Last she’d heard, Zara was working at a think tank. No idea which one.
She stared at the message again.
Things aren’t what they seem with DC.
She typed: Zara? Is this really you?
No reply.
She waited. A minute passed. Then two.
She tried to call.
Rang once. Then voicemail.
Aisha swore under her breath and threw the phone onto the couch.
Imran gave her a look. “Something tells me she’s not writing to catch up.”
“No,” Aisha muttered. “She’s in PRM now. She’s one of Carver’s strategists.”
Imran blinked. “You’re kidding.”
“I wish I was.”
The laptop pinged again. A comment on her f*******: page.
She clicked it.
Someone had posted a photo of her outside a mosque during Ramadan.
“This your MP? Wonder where her loyalties lie when the riots start.”
Her jaw clenched.
She stood. “I need some air.”
Imran looked worried. “It’s late.”
“I know.”
“I’ll come with you.”
“I need to go alone.”
She pulled on her coat, grabbed a scarf, and stepped into the night.

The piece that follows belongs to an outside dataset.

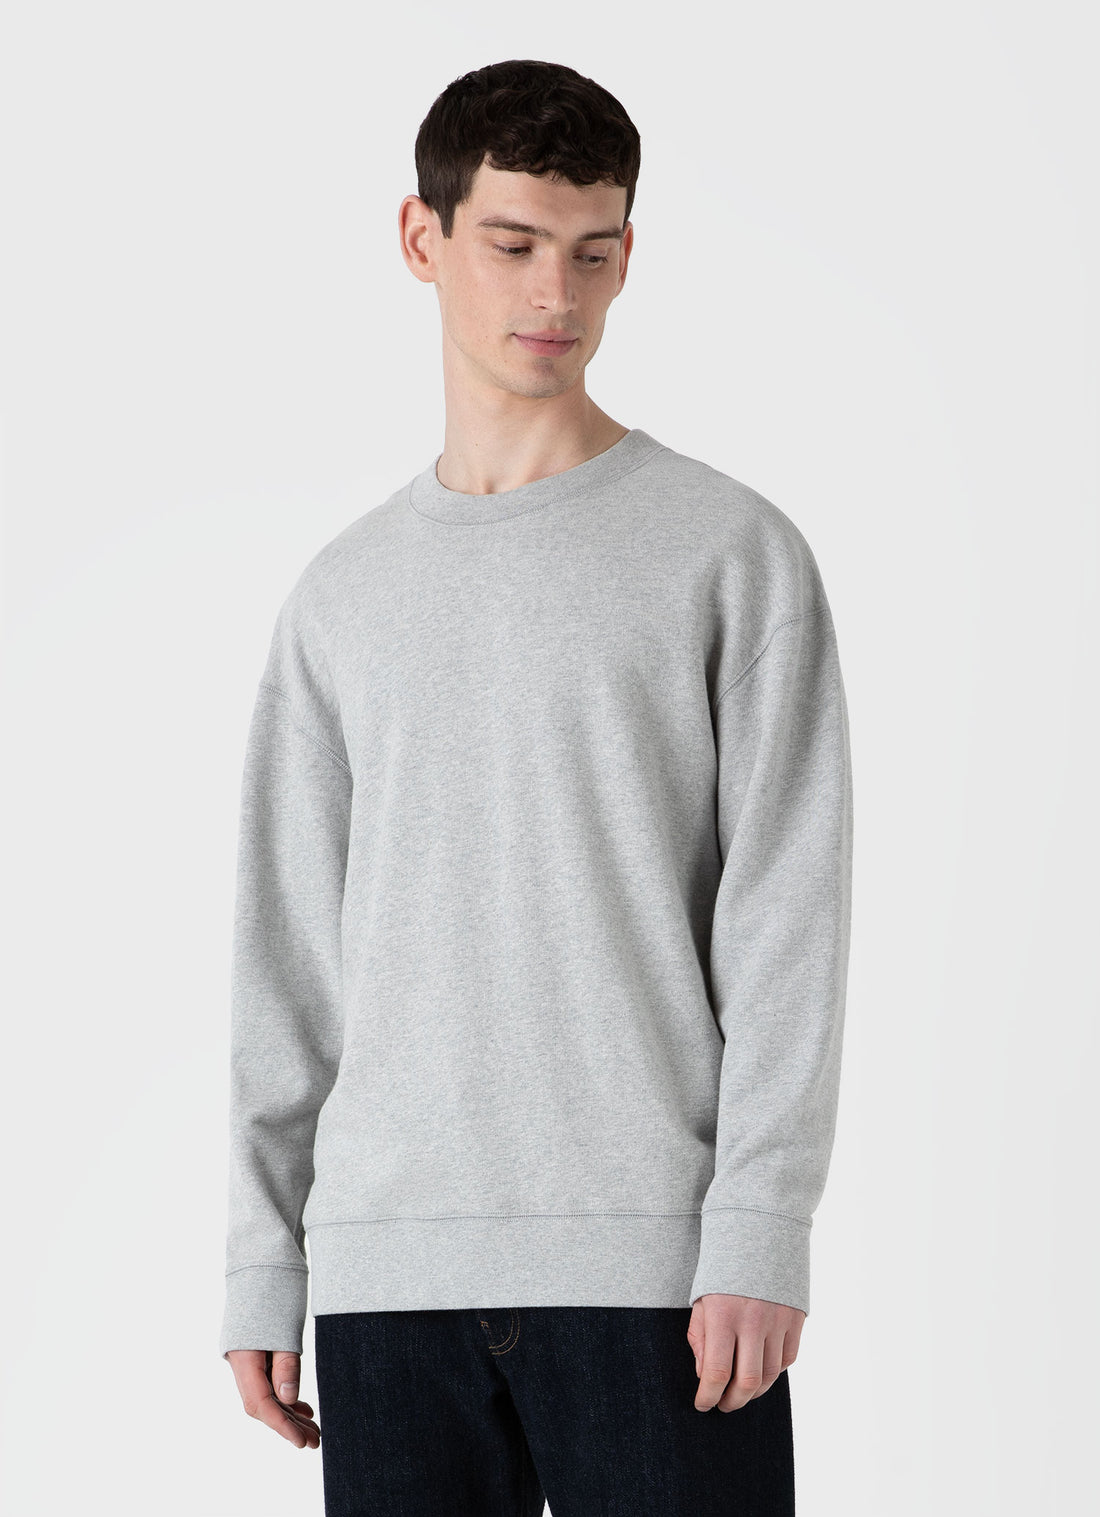 Men's Oversized Loopback Sweatshirt in Light Grey Melange

The street was quiet. Just a few cats prowling bins and the occasional hum of a night bus in the distance. Streetlights buzzed overhead, some flickering like the ones in the community center. Like even the electricity in this town had decided to give up.
She walked slowly, footsteps echoing on the damp pavement.
It had rained earlier. The puddles reflected everything—lamplight, broken windows, forgotten lives.
She passed Mrs. Malik’s house. A PRM leaflet fluttered in the letterbox.
Then the Thompsons’—PRM on the step.
Then Mr. Andrews, who once baked cupcakes for her campaign team. A Carver poster in the window now, bold and blood-red, eyes watching.
She felt something twist in her chest. Not quite betrayal. Something older. Like being uninvited from a family gathering and realizing they’d never missed you at all.
Halfway down the high street, she stopped.
The billboard loomed over the pharmacy, just where the Boots sign used to be before it shut down. Twenty feet tall. Carver’s face in crisp resolution, eyes gleaming like they’d been blessed by God.
Beneath it, in bold:
“Britain Back.”
No mention of policy. No facts. Just a feeling.
She stared up at it, arms folded tight across her chest.
How had he done it?
How had this… movement, this man, this thing taken root so fast?
Not with ideas. Not with truth.
With hunger.
That billboard wasn’t a message. It was a spell.
She stood there for what felt like hours, the wind tugging at her coat, until the first bus of the morning wheezed past.
Somewhere in the back of her mind, she thought: It’s already here. It’s already begun.